Naam onderzoeker: mw.drs. W.Lambers, internist io en PhD-student, UMCG

Promotieteam/mede-onderzoekers: mw. Prof. Dr. H. Bootsma, reumatoloog, mw. dr. K. de Leeuw, klinisch immunoloog, mw. dr. J. Westra, post-doc immunologie,  dhr. Prof. Dr. M.F. Jonkman, dermatoloog

Systemische lupus erythematosus (SLE) is een auto-immuunziekte die met name voorkomt bij jonge vrouwen. De term “auto-immuun” houdt in dat het afweersysteem,  dat normaal gericht is tegen bijvoorbeeld bacteriën en virussen, onterecht lichaamseigen eiwitten herkent als “vreemd” . Er kan zo een ontstekingsreactie ontstaan. De ziekte wordt gekenmerkt door ontsteking van  huid, gewrichten en interne organen, maar de verschijnselen kunnen tussen patiënten erg verschillen. Vroege herkenning van de ziekte is belangrijk om op tijd te starten met behandeling en orgaanschade te voorkómen. De diagnose wordt gesteld op grond van criteria, waarbij 4 van de 11 criteria nodig zijn om te kunnen spreken van SLE.

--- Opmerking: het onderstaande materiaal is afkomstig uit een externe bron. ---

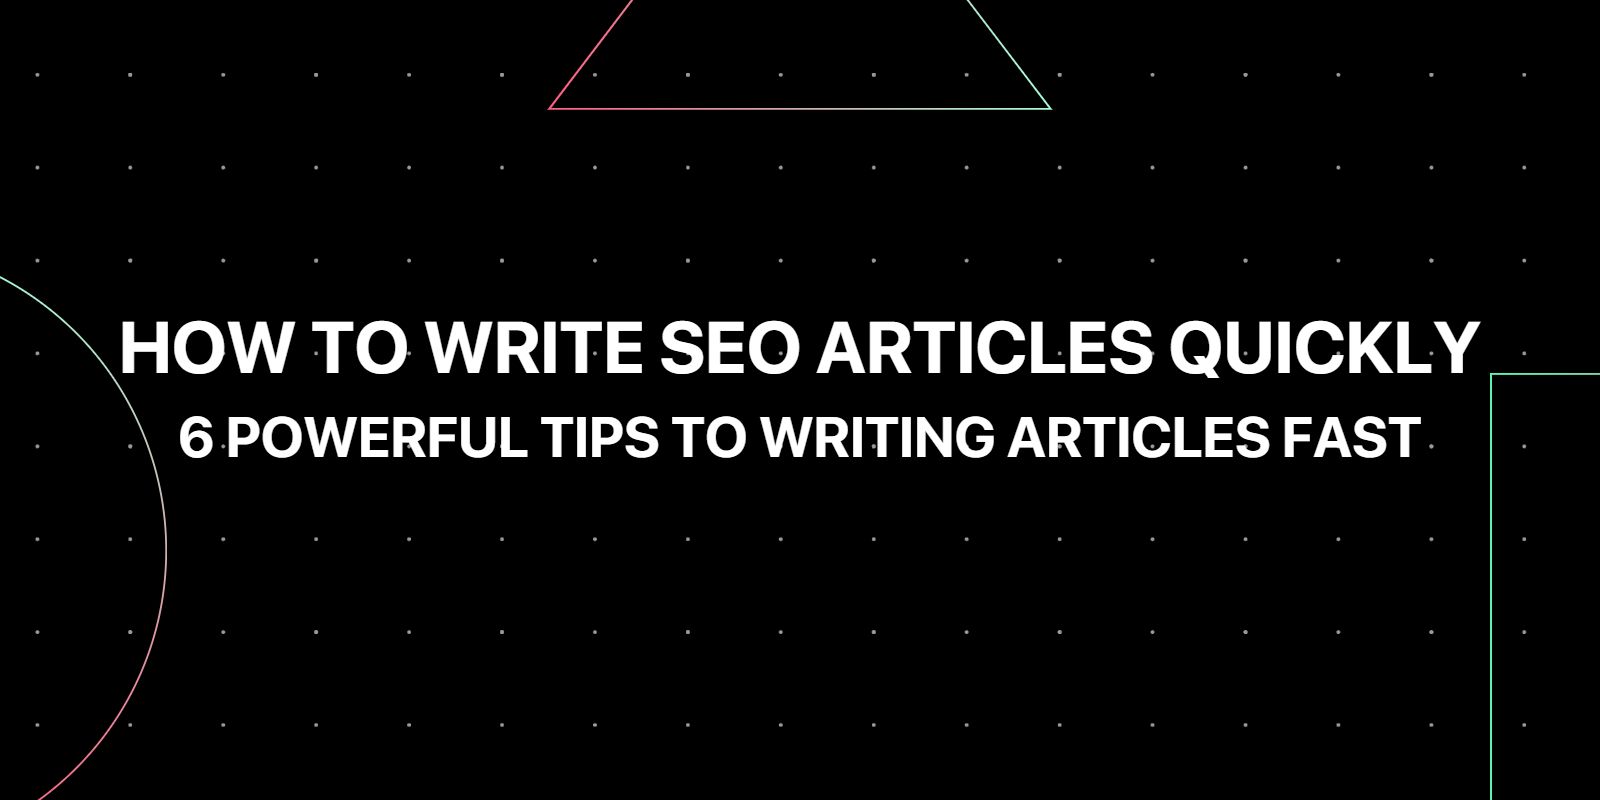 How to Write SEO Articles Quickly - 6 Powerful Tips to Writing Articles Fast
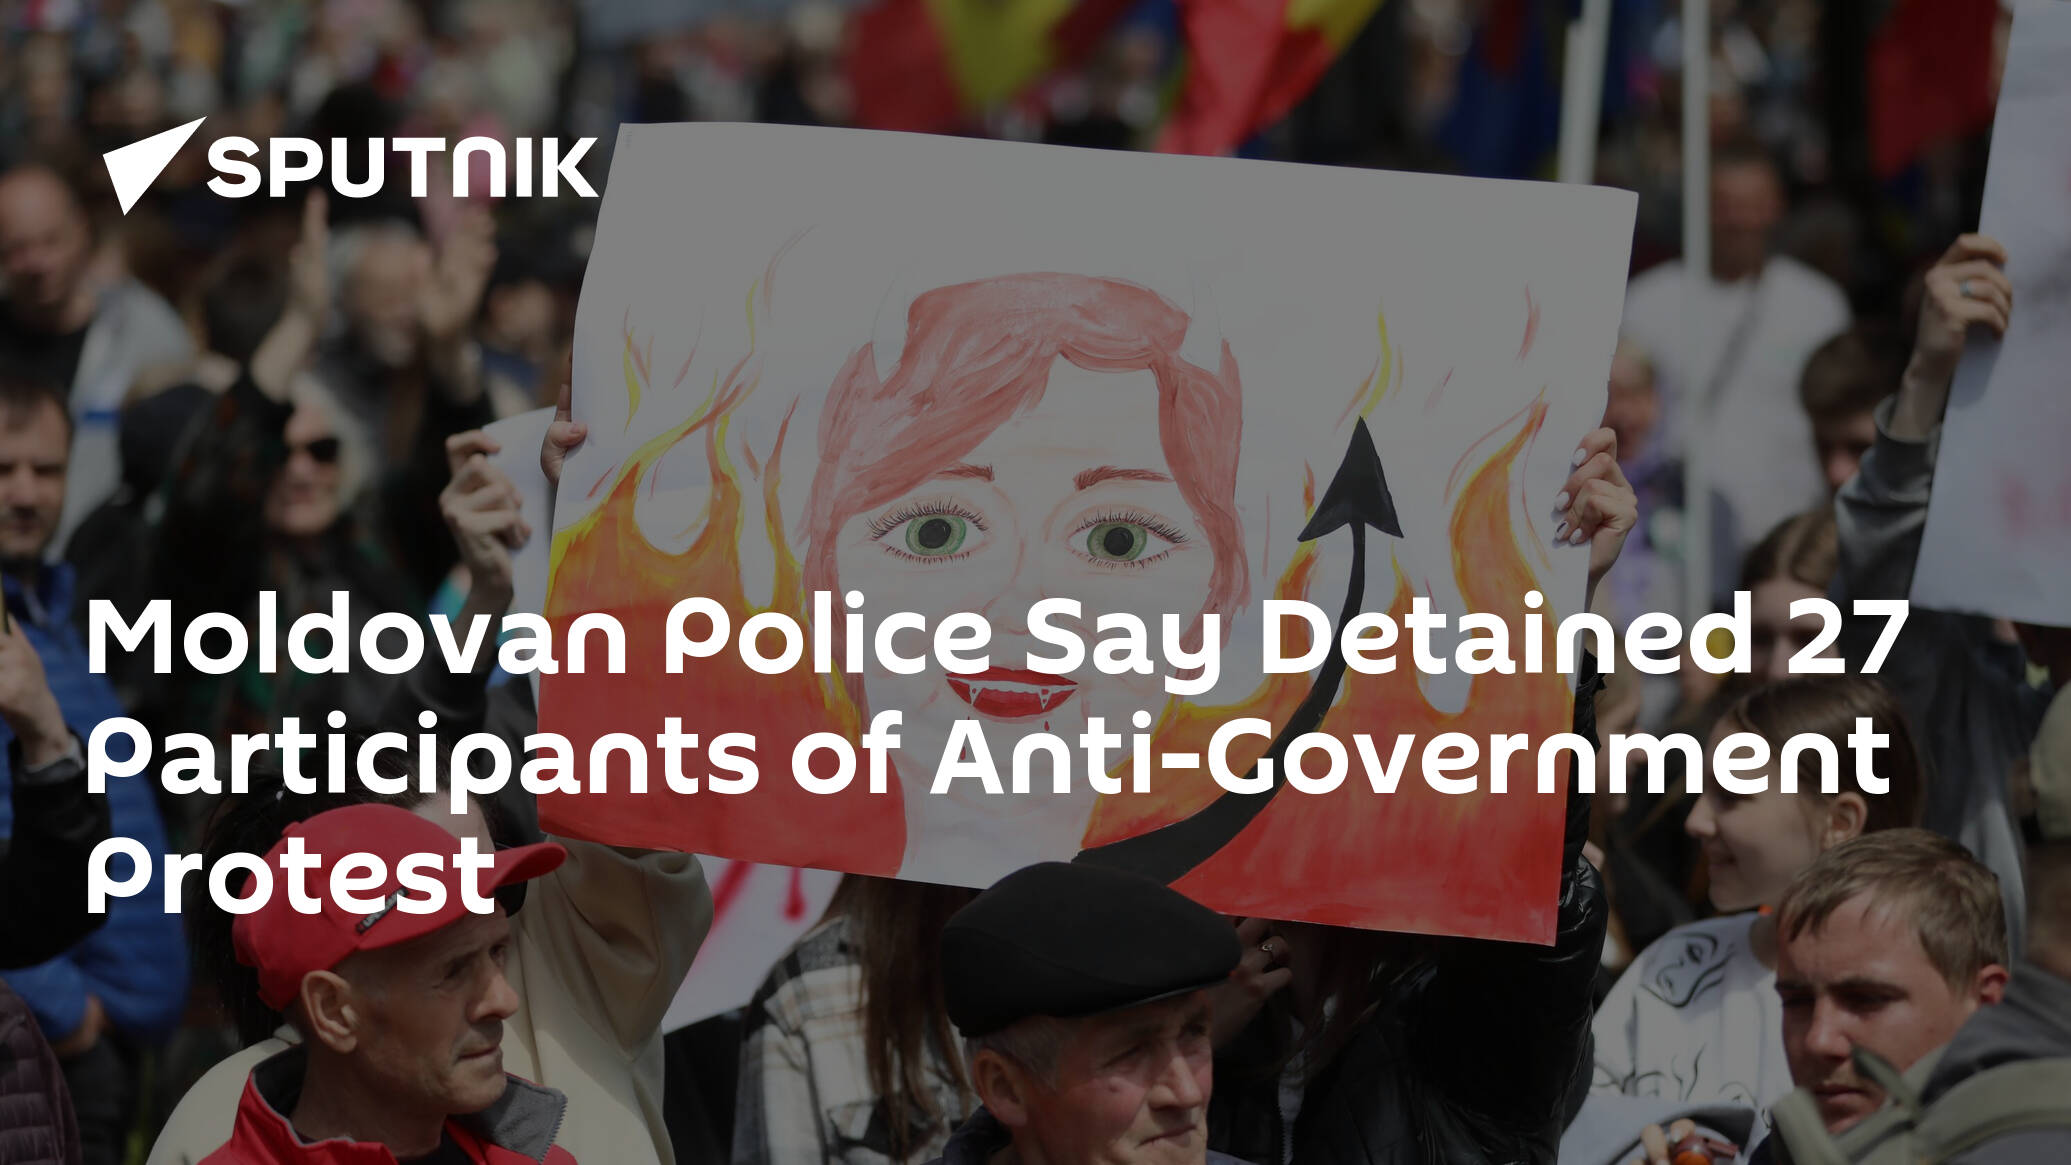 Moldovan Police Say Detained 27 Participants of Anti-Government Protest

Sommige patiënten hebben typische kenmerken van SLE, zoals lupus van de huid of gewrichtsontstekingen, maar voldoen niet aan de classificerende criteria. Je spreekt dan van incomplete SLE (iSLE). Een deel van  deze patiënten zal altijd een mildere variant van de ziekte houden of weer herstellen, maar daarentegen ontwikkelt  10-50% in de loop van de tijd toch SLE. Momenteel kan nog niet goed voorspeld worden welke patiënten met iSLE een hoog risico hebben op progressie naar SLE. Een voordeel van het onderscheiden van hoog risico patiënten, is dat je deze groep intensiever kan vervolgen en misschien eerder kan behandelen, terwijl patiënten met een laag risico gerustgesteld kunnen worden. In het Universitair Medisch Centrum Groningen voeren we een onderzoek uit waarbij we patiënten met incomplete SLE een aantal jaar volgen met als doel betere voorspellers te vinden voor ontwikkeling naar SLE.

Hydroxychloroquine (HCQ)- met merknaam Plaquenil – is de hoeksteen van de behandeling van SLE. Het heeft verschillende effecten op het immuunsysteem, onder andere onderdrukt het werking van bepaalde receptoreiwitten  (“Toll like receptor”, TLR) van immuuncellen die een rol spelen bij het herkennen van lichaamseigen eiwitten als “vreemd”. Deze TLRs zorgen ervoor dat er ontstekingseiwitten – zogeheten cytokines – vrijkomen die direct of indirect schade aan organen kunnen veroorzaken.  Het is duidelijk aangetoond dat HCQ bij SLE patiënten de sterftekans verlaagt en opvlamming van de ziekte kan voorkomen. Daarnaast zijn er aanwijzingen dat HCQ een preventief of vertragend effect heeft op de ontwikkeling van SLE.

In een substudie van ons onderzoek naar iSLE willen we kijken naar de effecten van HCQ. Het plan is om 15 patiënten die een indicatie hebben voor dit medicijn (bijvoorbeeld vanwege gewrichtsklachten of huidlupus) te onderzoeken op het moment dat gestart wordt met HCQ en 16 weken later. Er zal dan worden gekeken naar TLR-activiteit en cytokines in het bloed.  Dit onderzoek draagt bij aan het begrijpen van de rol die hydroxychloroquine speelt  in een vroeg stadium van SLE.